__Assigned task__: Using the listing below, set down exactly the lines from the one that contains "making yarn.jpg" through the one that contains "Notebook Lenovo B330", with no pictures.

__Source material__:

*** Block opens ***

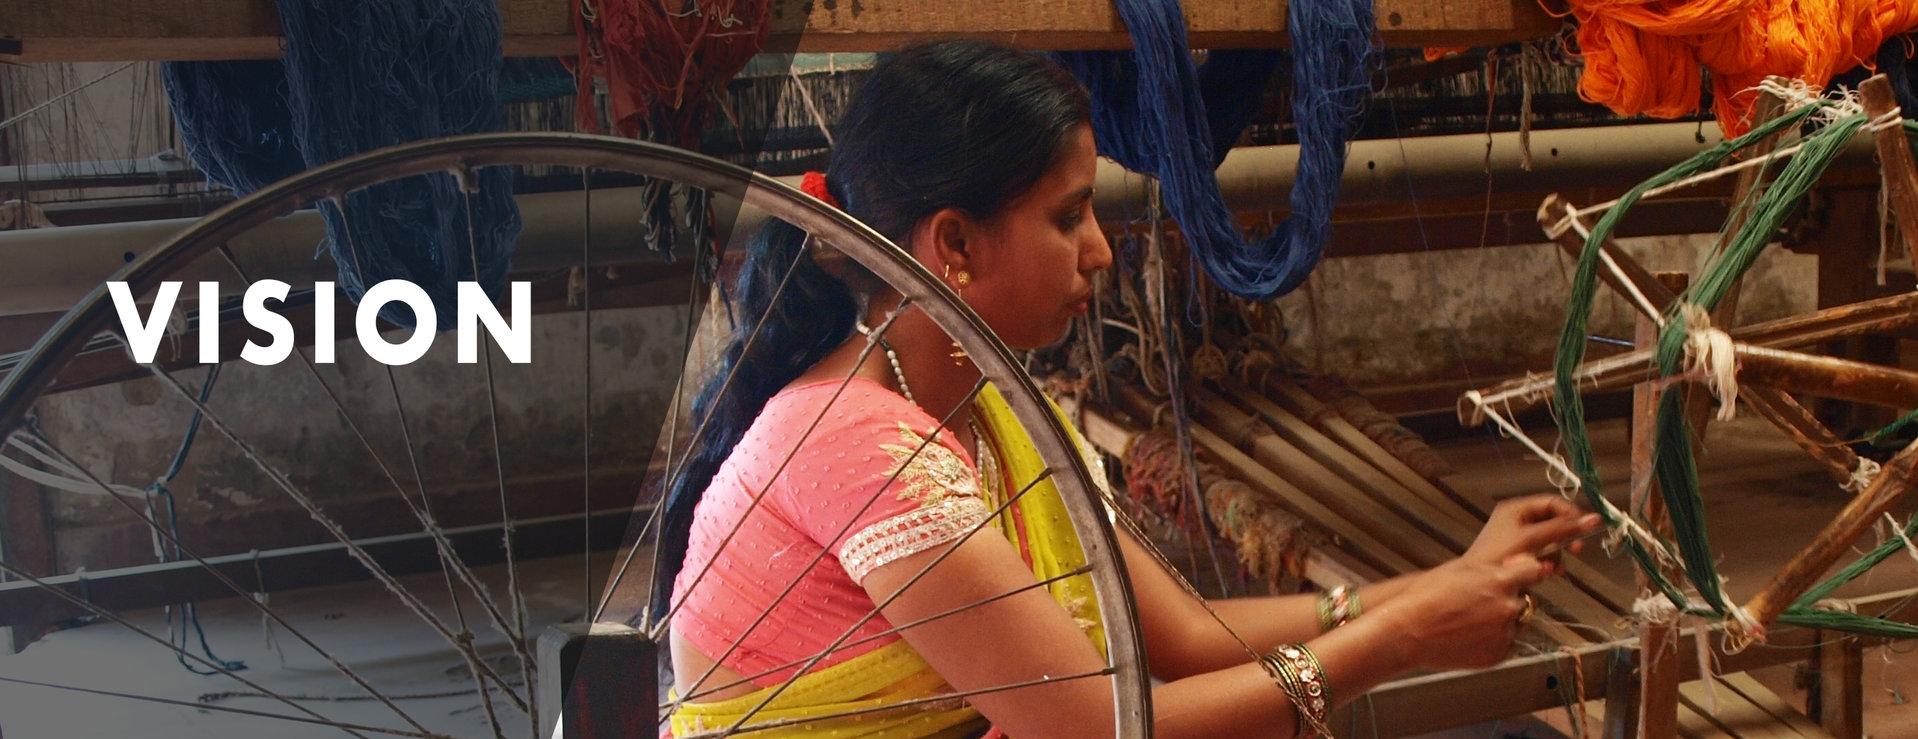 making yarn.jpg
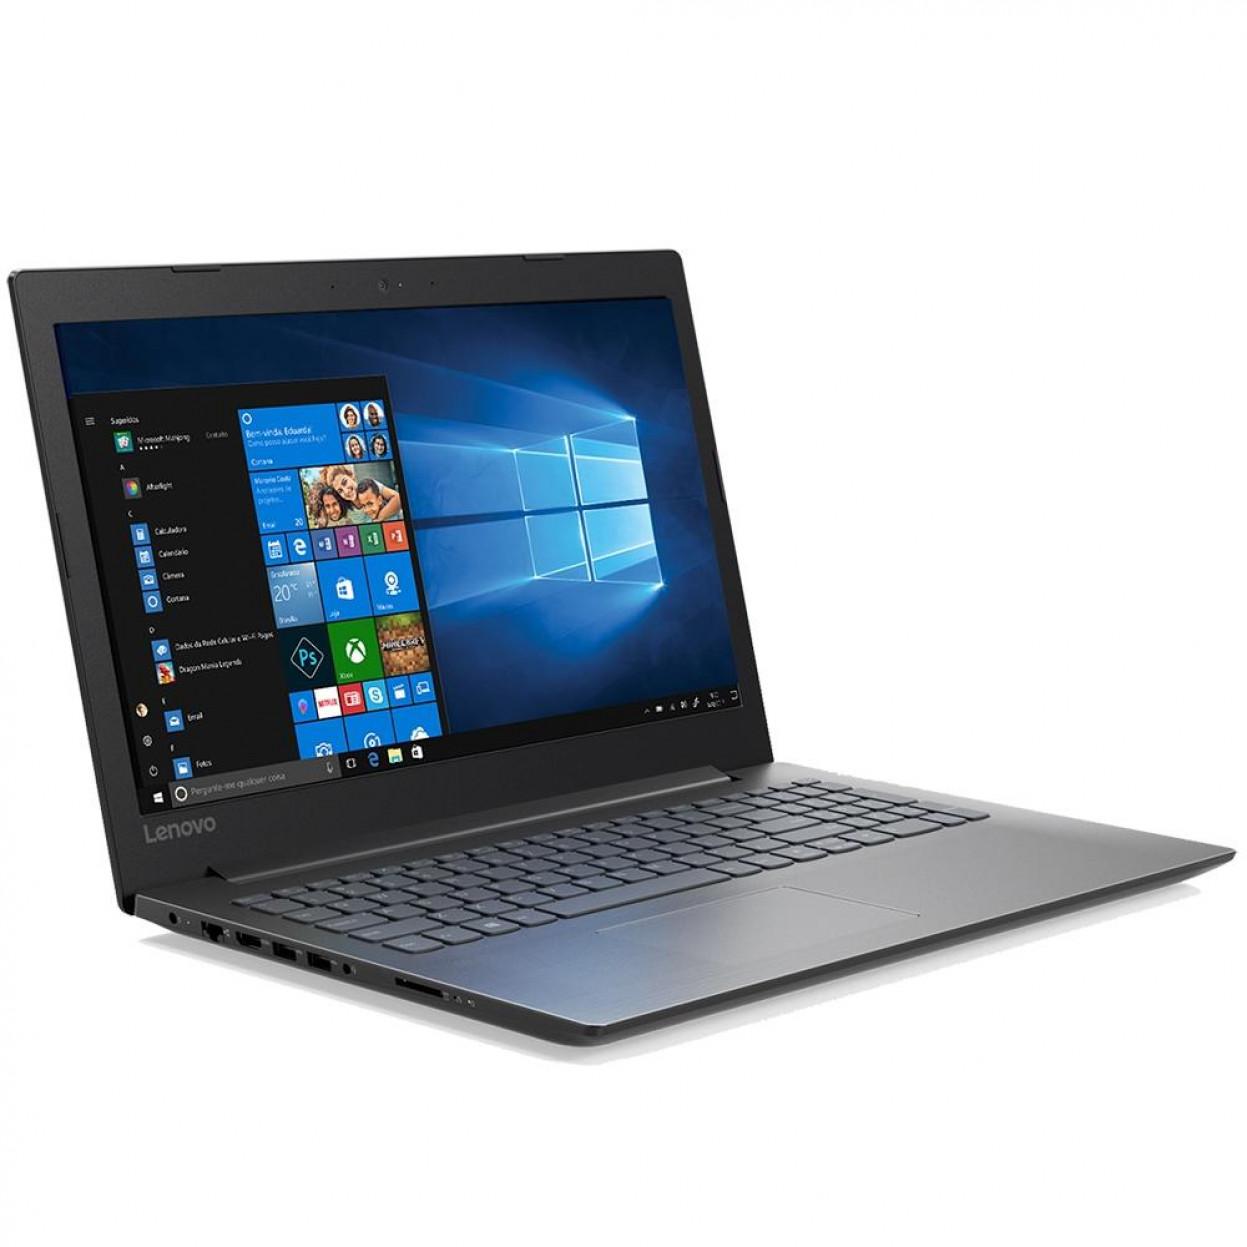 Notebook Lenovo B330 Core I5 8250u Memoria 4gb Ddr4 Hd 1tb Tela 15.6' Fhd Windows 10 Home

*** Block closes ***
*** Block opens ***

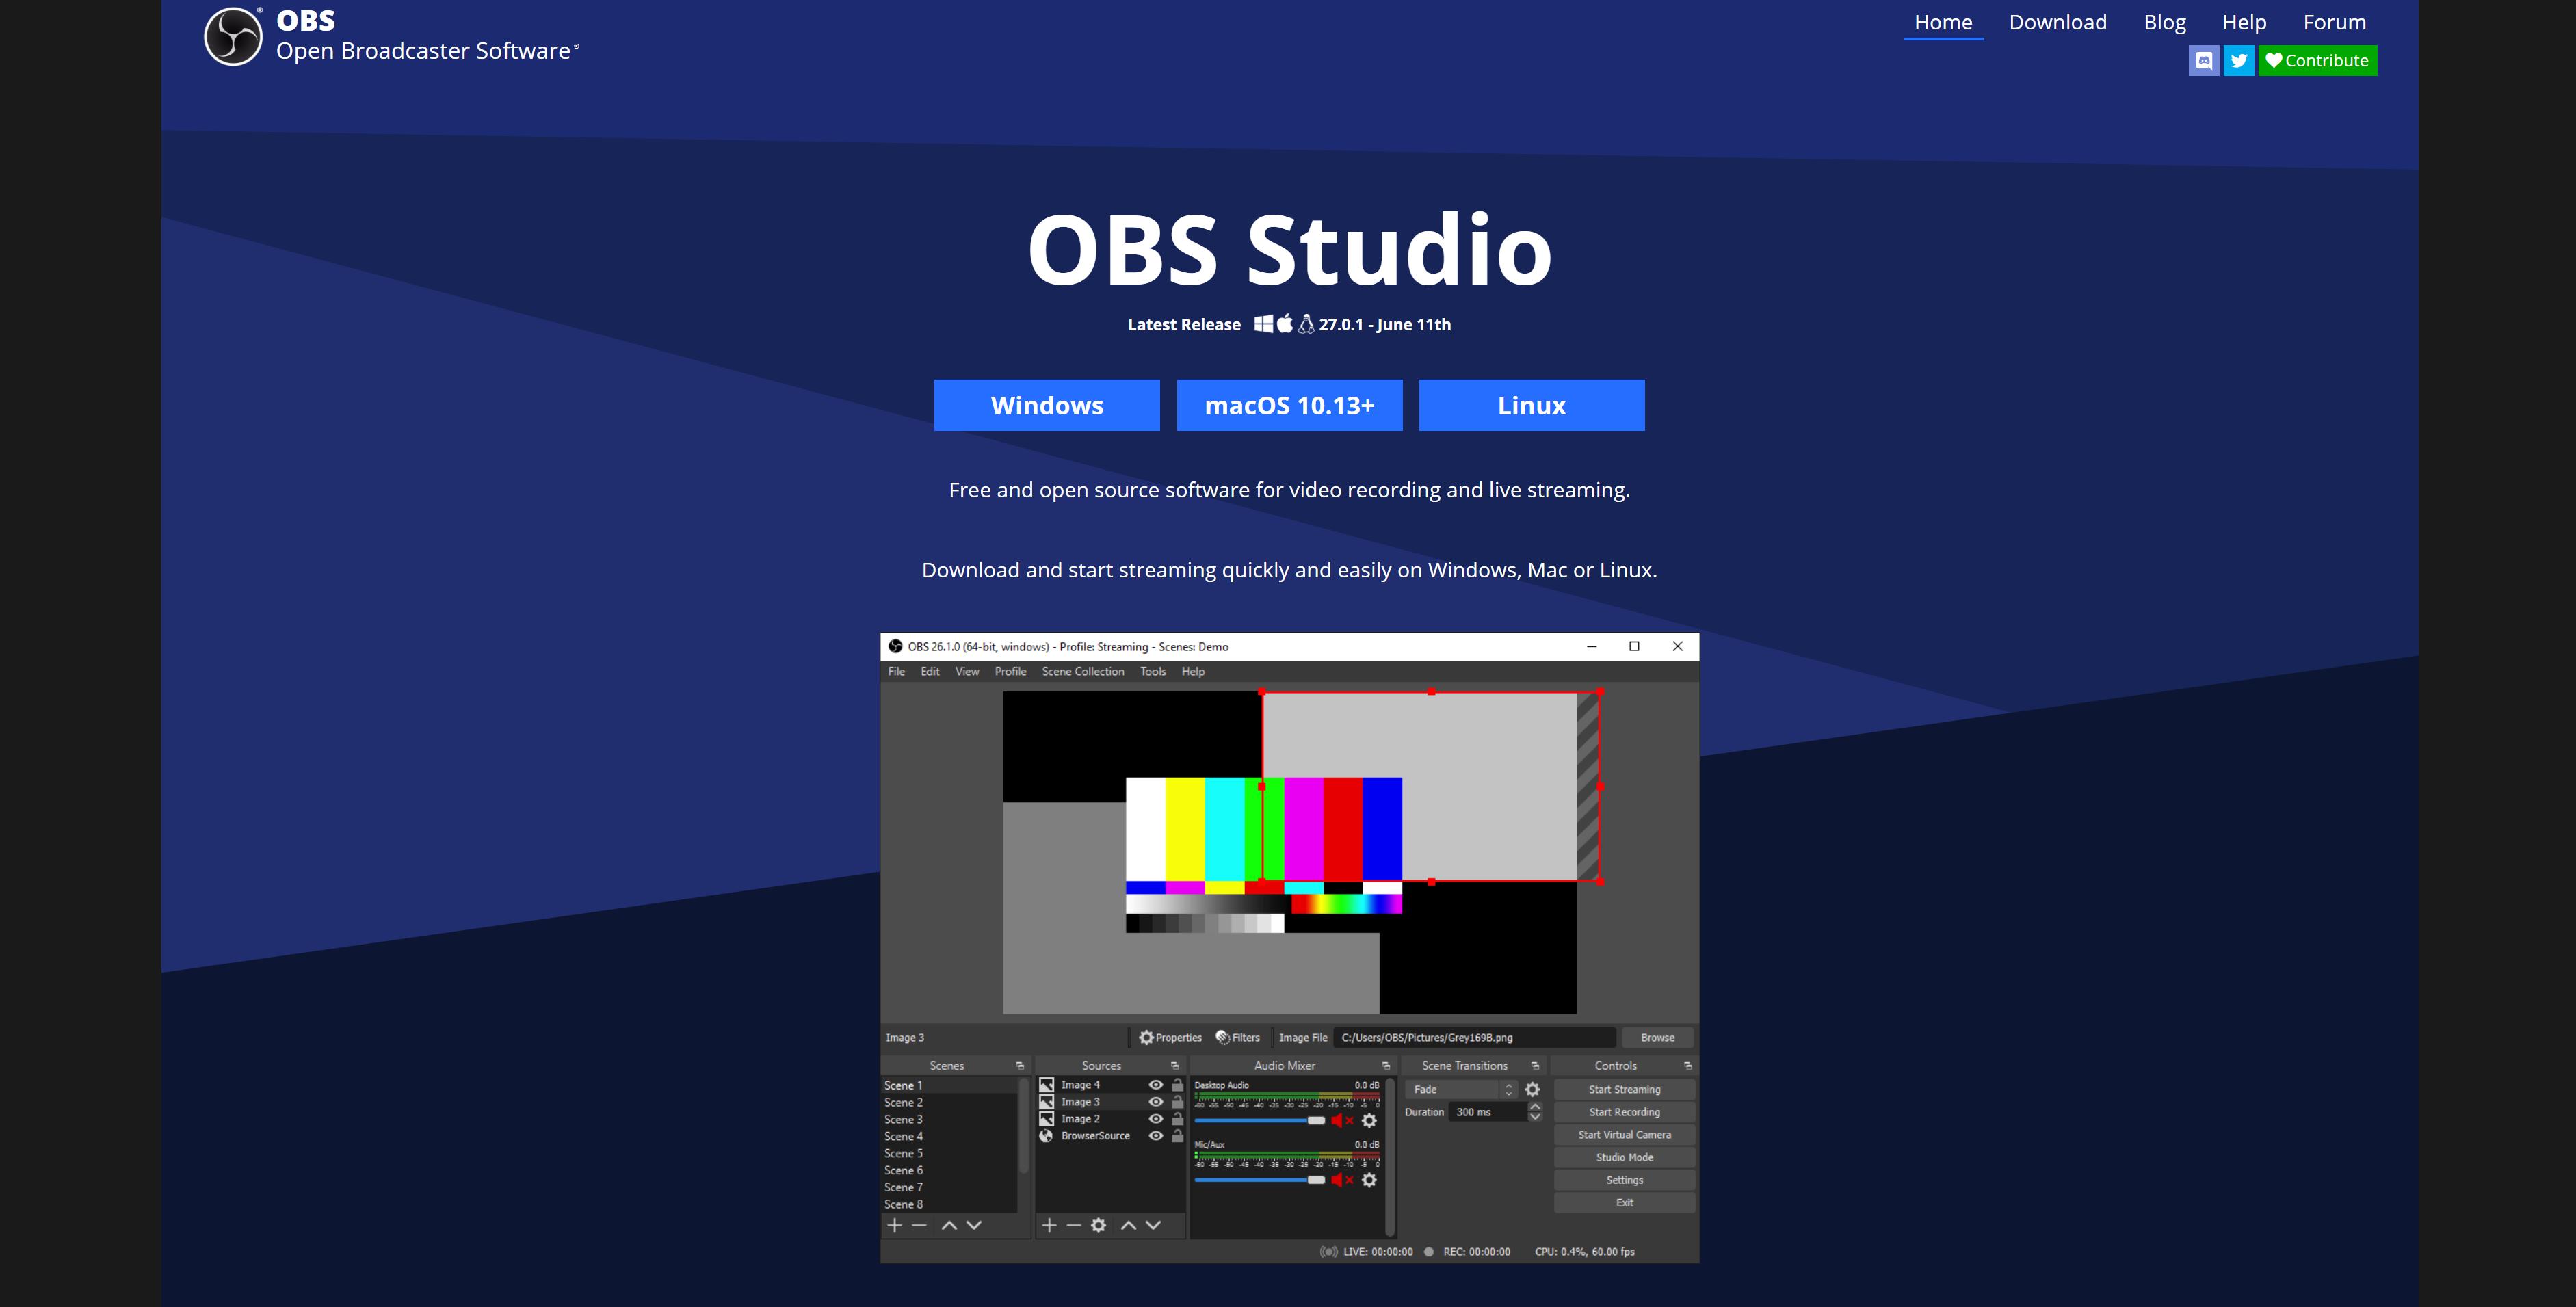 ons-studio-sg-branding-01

*** Block closes ***
*** Block opens ***

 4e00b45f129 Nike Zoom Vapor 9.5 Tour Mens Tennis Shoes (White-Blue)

*** Block closes ***

__Task response__:
 making yarn.jpg
 Notebook Lenovo B330 Core I5 8250u Memoria 4gb Ddr4 Hd 1tb Tela 15.6' Fhd Windows 10 Home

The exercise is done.